FLUX DOCUMENTATION SYSTEM Layer 4 — INFRASTRUCTURE | bootstrap flux.dantesisofo.com/wiki/bootstrap/

BOOTSTRAP

FLUX is not photo editing software.

FLUX is a self-organizing, autonomous, verifiable photographic archive system.

The photographer walks. The photographer photographs. Everything else happens automatically.

1. THE PRINCIPLE

The ideal workflow:

Shoot photos
→ transfer once
→ everything else happens automatically

The long-term vision:

Ricoh GR
→ iPhone / SD card reader
→ NAS
→ FLUX node detects new images
→ archive organization
→ metadata extraction
→ embeddings
→ auto-tagging
→ keeper ranking
→ issue generation
→ blockchain verification
→ publishing

The photographer becomes:

curator,
not administrator

2. HARDWARE

2.1 Compute Node

Apple Mac mini M4 Pro

Role: - FLUX brain - automation node - embedding engine - metadata processor - vector database node - keeper ranking system - issue generation engine - autonomous ingest worker

2.2 Archive Storage

Synology NAS — 2x mirrored IronWolf drives

Role: - canonical archive root - centralized corpus - permanent storage - ingest destination - AI dataset storage - metadata persistence

3. STORAGE PHILOSOPHY

NAS    = canonical archive
Mac mini = compute node
S3     = public distribution layer

The archive must never become dependent on: - one computer - one drive - one interface

The archive must become: - network-native - modular - persistent - decentralized-ready

4. CANONICAL NAS STRUCTURE

/FLUX_ARCHIVE/       ← every photograph ever made
/FLUX_SYSTEM/        ← automation scripts, generators, tools
/FLUX_PUBLIC/        ← staged public assets before S3 sync
/FLUX_METADATA/      ← SQLite databases, JSON metadata
/FLUX_EMBEDDINGS/    ← vector databases, embedding indices
/FLUX_ISSUES/        ← generated PDFs, contact sheets, manifests
/FLUX_LOGS/          ← ingest logs, processing logs, error logs
/FLUX_INBOX/         ← watch folder — incoming photographs land here

The inbox is the entry point.
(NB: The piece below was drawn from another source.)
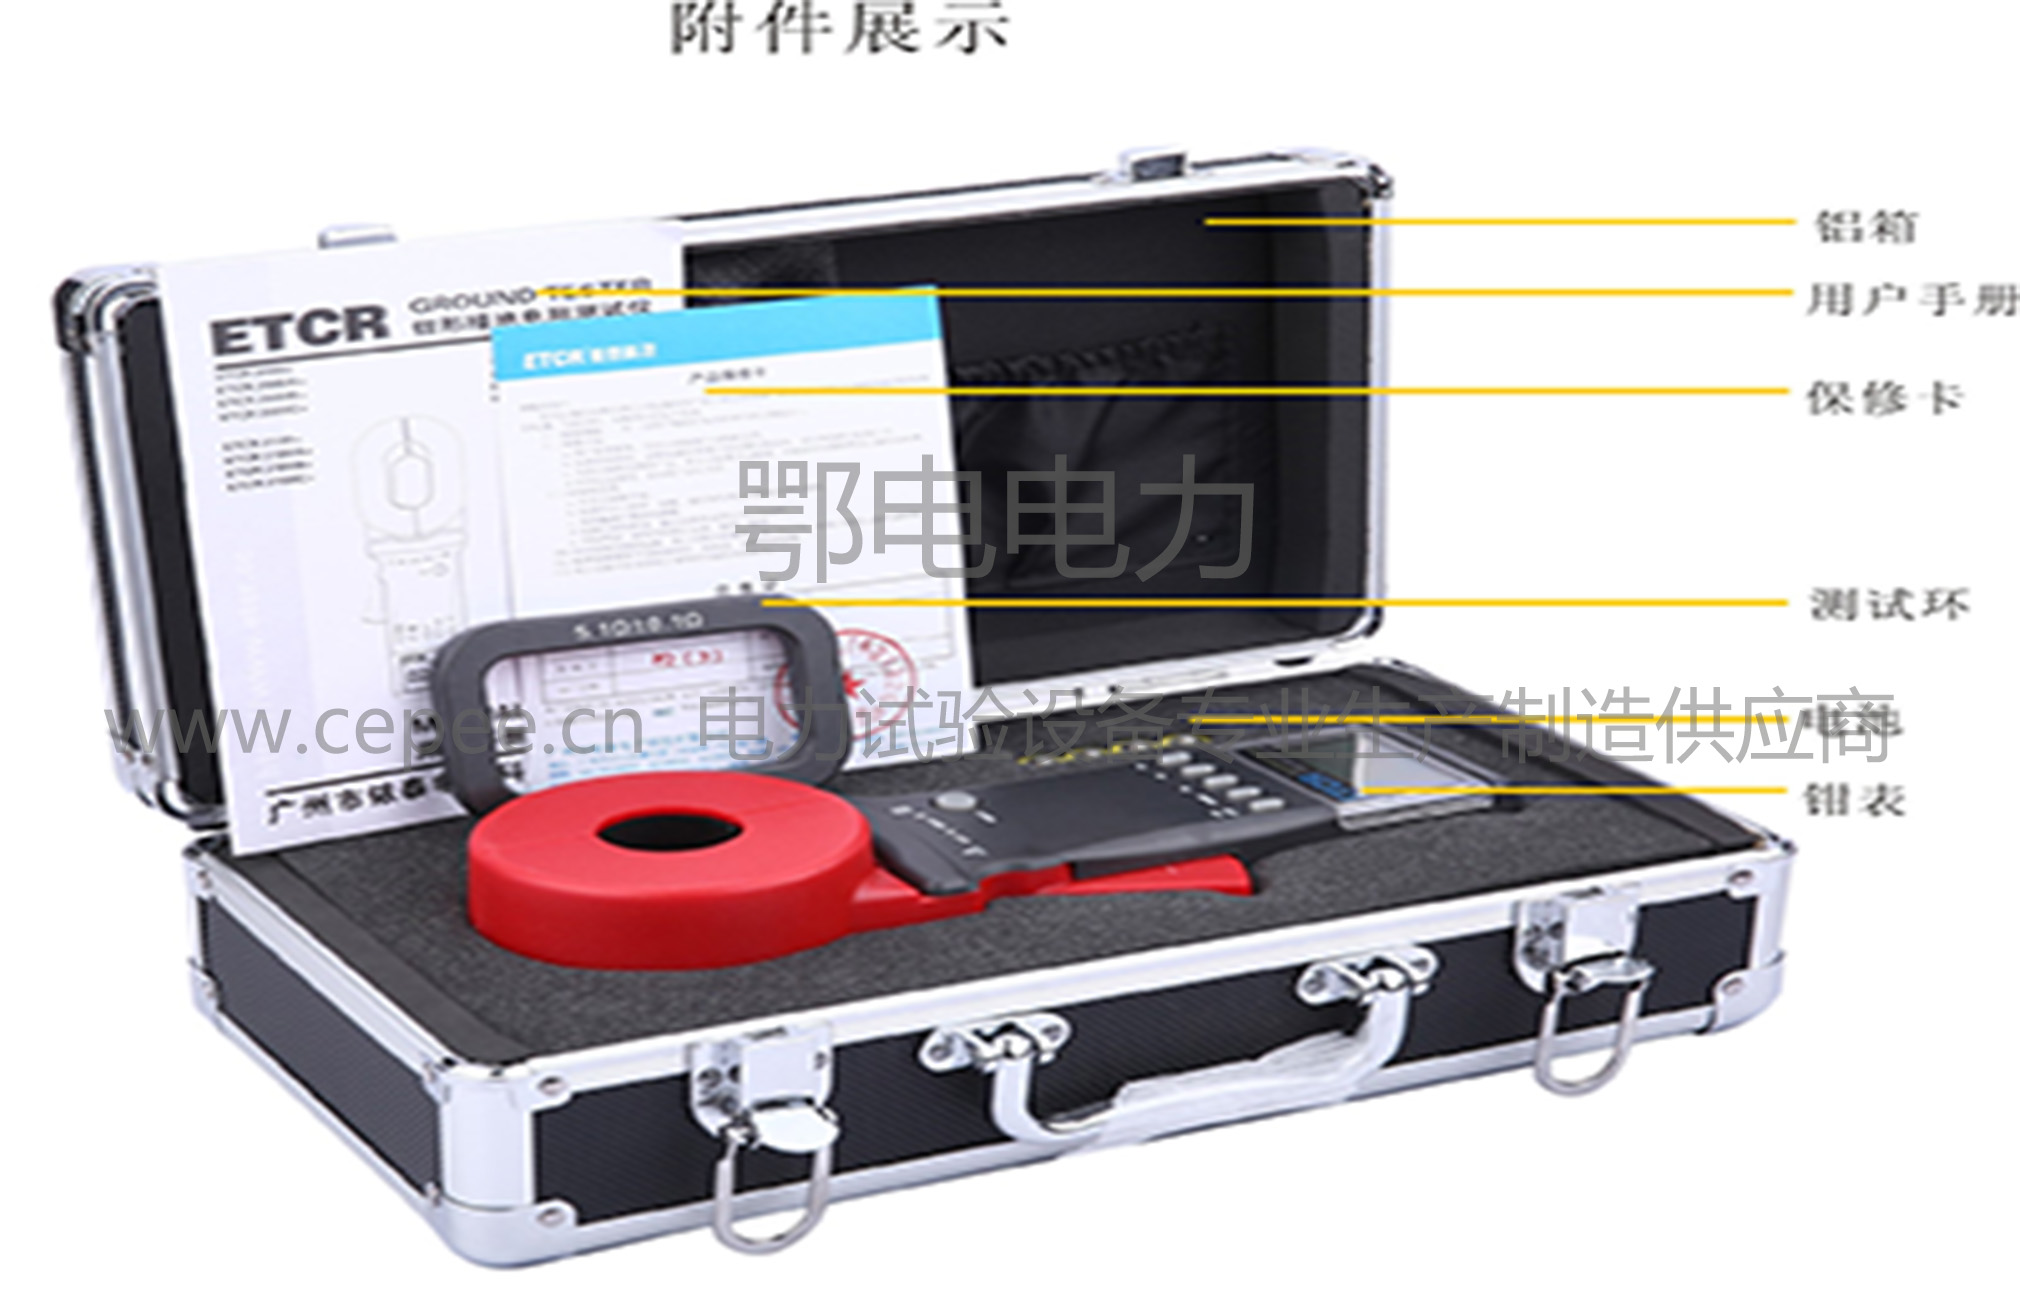 包装	外包装	纸箱 	内包装	铝箱 附件	仪表	一台 	铝箱	一个 	测试环	一个 	5号电池	4节 	说明书	一本 	合格证	一张 	保修卡	一张

Everything flows outward from it automatically.

5. MASTER PHOTO ARCHIVE

5.1 Canonical Corpus

/FLUX_ARCHIVE/ORIGINALS/

Contains: - every photograph ever made - full chronological corpus - historical truth

Structure:

/ORIGINALS/
    /2022/
        /2022-01/
            /2022-01-01/
                2022-01-01_13-22-44_DanteSisofo_R0001234.JPG

6. FILE NAMING CONVENTION

Canonical format:

YYYY-MM-DD_HH-MM-SS_DanteSisofo_OriginalRicohFilename.JPG

Example:

2023-01-15_13-22-44_DanteSisofo_R0001234.JPG

This ensures: - chronological sorting by filename alone - machine readability - long-term consistency - metadata stability independent of filesystem dates

7. SSD MIGRATION PLAN

7.1 Current Situation

The SanDisk SSD contains approximately 400,000 loose Ricoh JPEGs. Mostly unorganized. EXIF metadata intact throughout.

This is not a problem.

The timestamps and EXIF data are the archive. The organization can be reconstructed automatically.

7.2 Migration Strategy

The SSD should not be manually organized first.

Correct flow:

SSD (source)
→ Mac mini
→ FLUX migration script
→ EXIF extraction
→ canonical folder generation
→ canonical filename assignment
→ duplicate detection (hash)
→ organized corpus on NAS

The migration system will:

Scan all loose Ricoh JPEGs
Extract EXIF timestamps
Generate canonical folder hierarchy (/YEAR/YEAR-MM/YEAR-MM-DD/)
Rename files to canonical format
Move files into chronological structure on NAS
Detect duplicates via SHA-256 hash
Generate manifest per folder
Build initial metadata database

8. KEEPERS SYSTEM

8.1 Existing Keeper Archive

A keeper archive already exists containing approximately 15,000 selected images, organized like:

/ORIGINALS/
    /2023/
        /2023-01/
            /2023-01-01/

These images represent: - taste — the photographer's actual selections - training data for future AI systems - visual truth selections made under real conditions

8.2 Two Simultaneous Representations

Keepers must exist in two forms at once.

1. Human browsing layer:

/FLUX_ARCHIVE/KEEPERS/

Purpose: browsing, projects, books, exports, emotional interaction.

2. Metadata truth layer:

Inside the full corpus, each file carries a flag:

keeper = TRUE
keeper_score = 1.0

This transforms the full archive into a labeled machine-learning dataset. The keeper archive becomes the positive class. Everything else is context.

8.3 Keeper Matching

The system will automatically compare the keeper archive against the full corpus using:

EXIF timestamps
original Ricoh filenames
SHA-256 hashes
image similarity as fallback

To determine: this image in the full corpus is a keeper.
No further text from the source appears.